Vietnam Jokes
The darkest of morbid, sarcastic, fatalistic humor comes out of war. There were jokes in Vietnam, just as in every other war. Some are still funny today, but even those that are not funny tell you something about that time and place. Here are a few I remember. If you want to add your own jokes here, e-mail them to Roch Thornton.
Instructor: “There are 100 kinds of snakes in South Viet Nam. Ninety-nine of them are poisonous … (long pause) … and the other one eats you whole.”
Question: How do you win the war in Vietnam?
Answer: First you put all the loyal South Vietnamese on ships out in the South China Sea. Then you nuke the whole country into smoking ashes, from the DMZ to the Delta.
Then you sink the ships.
First Marine: What’s the first thing you’re gonna do when you get home?

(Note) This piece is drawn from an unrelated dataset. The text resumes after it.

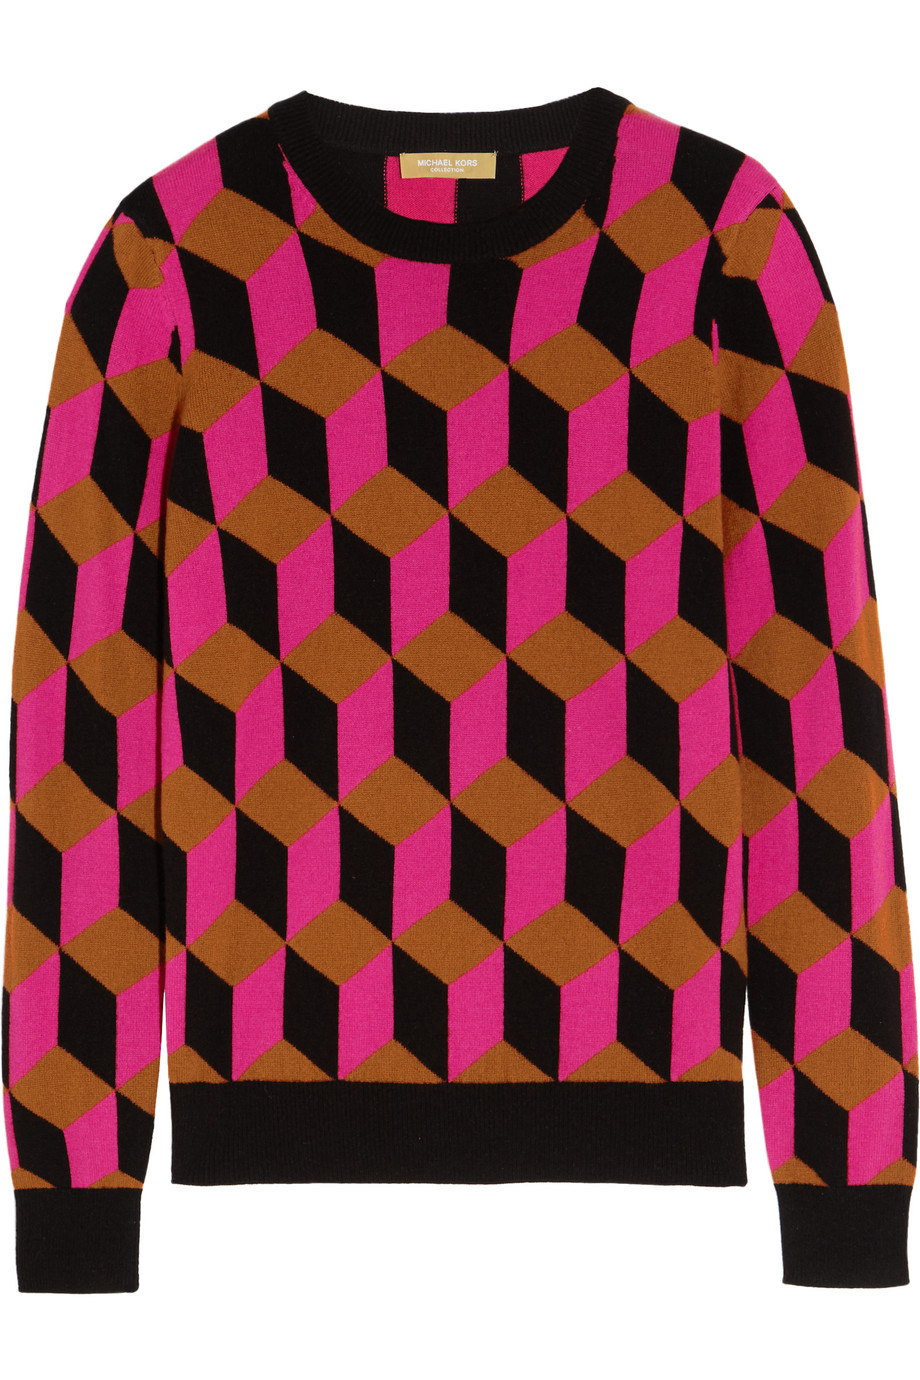 Hexagon-Intarsia Cashmere Sweater, Fuchsia, Women's, Size: XS

Second Marine: Fuck my wife.
First Marine: Well, what’s the second thing you’re gonna do?
Second Marine: Put down my seabag.
Girl: How could you shoot all those women and children in Vietnam!
Veteran: It’s easy … you just don’t lead them as much.
The lieutenant shouted, “Where are you going! Didn’t you hear me say we’re outnumbered 4 to 1?”
The Marine replied, “But sir, I got my four!”